Я достала из сумочки сигарету, всем сердцем желая, чтобы при этом не дрожали пальцы и чтобы не так сильно хотелось отложить в сторону собственную совесть и снова забраться в объятия этого человека. В нем было так много истинно мужского, и он был по-своему честен, признаваясь в своей беспринципности по отношению к жене.

— Дигби, — спросила я, — а что, в браке любовь больше десяти лет не выдерживает?

— Вы упорно продолжаете толковать о любви, радость моя. А как насчет другой стороны человеческой натуры, от которой столь многие лицемеры отворачиваются, делая вид, что это, мол, свойственно лишь животным?





Я продолжала бороться:

— По божеским и человеческим законам, принадлежа мужу ли, жене ли, разве не должны вы стараться держать в узде свои страсти?

Он обнял мои плечи и с очаровательной улыбкой посмотрел на меня:

— Слушать ваши маленькие проповеди, Кристина, право же, одно наслаждение. И они вовсе не заставляют меня меньше желать вас.

— Выходит, вы попросту не верите в верность?

— Разумеется нет, если только мужчина по-прежнему доставляет радость своей жене и умеет прятать концы в воду. А я уверен, что Пинелопи пребывает в полном блаженстве.

— Этого не было бы, если бы она могла сейчас нас увидеть и услышать, что вы говорите.

— О боже, ну, милочка, право же, это уж слишком! Она не может нас видеть, так же как не может и слышать того, что я говорю.

— Вы ужасный плут, Дигби. Вы следуете принципу: чего не знаешь, о том не горюешь, — невнятно пробормотала я.

Он начал снова осторожно притягивать меня к себе. В глазах его была откровенная жажда, которую я вполне понимала. Тем не менее не могла отвечать ему так, как он того хотел. В этом была какая-то дьявольская загвоздка: просто я не хотела случайной, небрежной любви.

Я снова начала говорить, но он прервал меня:

— Перестаньте болтать, моя радость. Женщины слишком много говорят. Я люблю, чтобы мои женщины были немы, когда я их ласкаю.

Я не могла удержаться от смеха. Веселый, милейший Дигби, которого все считали образцовым мужем и отцом, предстал нынче вечером в совершенно ином свете.

— А я не из породы немых блондинок и не желаю быть одной из ваших женщин, Дигби, — сказала я.

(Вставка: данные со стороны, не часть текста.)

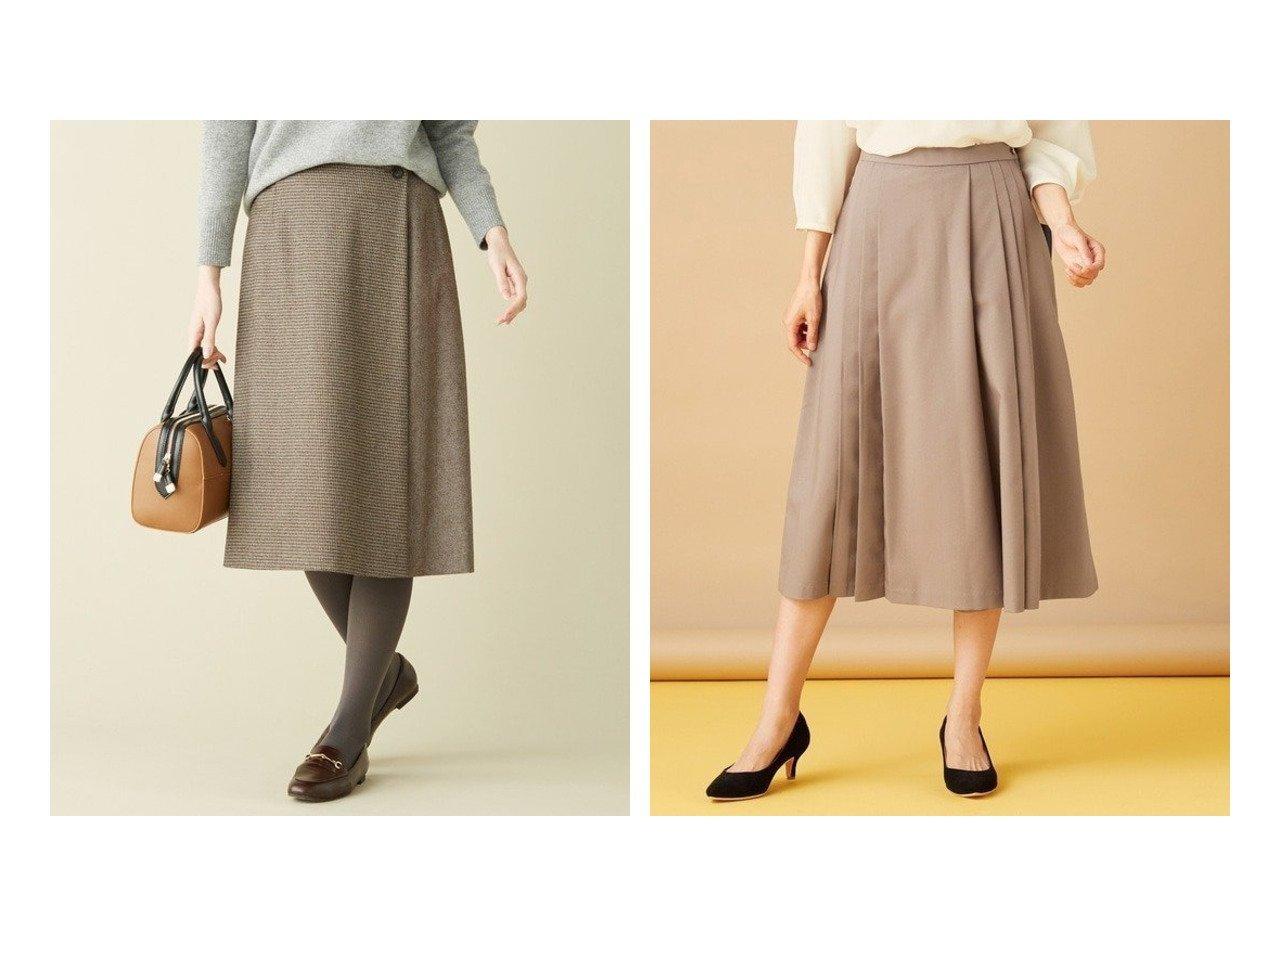 【J.PRESS/ジェイ プレス】のシックツイードチェック スカート&【any SiS/エニィ スィス】のクラシカルプリーツ キュロット スカートのおすすめ!人気、トレンド・レディースファッションの通販 おすすめで人気の流行・トレンド、ファッションの通販商品 メンズファッション・キッズファッション・インテリア・家具・レディースファッション・服の通販 founy(ファニー) https://founy.com/ ファッションモデル・俳優・女優 Models 女性 Women 田中みな実 Tanaka Minami ファッション Fashion レディースファッション WOMEN スカート Skirt NEW・新作・新着・新入荷 New Arrivals 送料無料 Free Shipping シルク キュロット クラシカル シューズ スニーカー チェック トレンド プリーツ モノトーン 秋 Autumn/Fall |ID:crp329100000013385

Он наклонил большую красивую голову и слегка коснулся губами моих губ:

— А почему бы нет, милая? Почему бы вам не стать одной из них — ненадолго? Я просто не могу передать, до чего вы обольстительны.

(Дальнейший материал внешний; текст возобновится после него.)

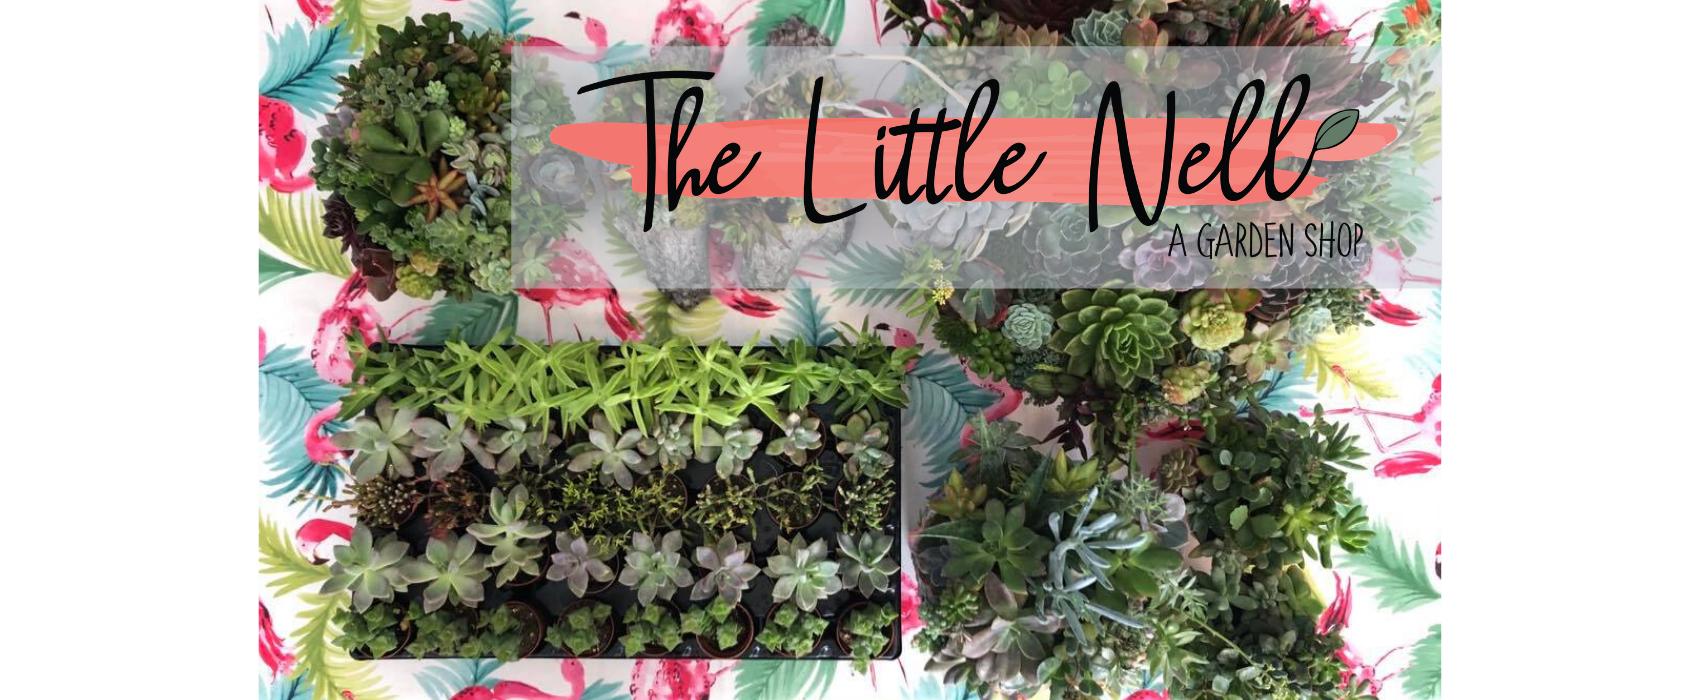 The Little Nell - A Garden Shop

— А если я скажу «да», что вы потом станете обо мне думать?

Он погладил меня по щеке указательным пальцем:

— Милая, именно так говорят все. Это просто фантастика. Почему вам, женщинам, необходимо волноваться о том, что будет потом? Вы портите этот чудесный миг, Крис. Не занимайтесь психоанализом, оставайтесь верны своей натуре. Я вовсе не пытаюсь делать вид, что семейная жизнь доставляет мне столько же радости, как и десять лет назад, хотя я все еще счастлив с Пен. А вы совершенно явно не получаете от Чарльза того, что вам нужно. Мужчины по самой своей природе склонны к полигамии, что бы там ни говорилось на этот счет в молитвенниках или уголовных кодексах. Существует бессчетное множество мужчин, в глубине души согласных со мной, но боящихся открыто в этом признаться.

— Мне постоянно твердят о том, что мужчины склонны к полигамии по самой своей природе, — заметила я. — А вы не считаете, что и женщины тоже таковы? Нет! Я уверена, вы придете в ярость от одной мысли, что Пинелопи требуется какая-то связь на стороне потому, что после десяти лет вы ей прискучили.

Дигби не рассердился. Добродушие не изменяло ему. Он закинул голову и от души расхохотался:

— Какая блистательная идея! Я наскучил Пинелопи. Поверьте мне, дорогая, нисколечко!

Я ответила:

— Вы просто до ужаса самодовольны. Но предположите, что это все-таки случилось: вы ее не удовлетворяете, не доставляете ей радость, и она пустилась в игры и развлечения с каким-нибудь другим мужчиной. Вы согласились бы распространить на нее вашу теорию насчет инстинктивной тяги к полигамии?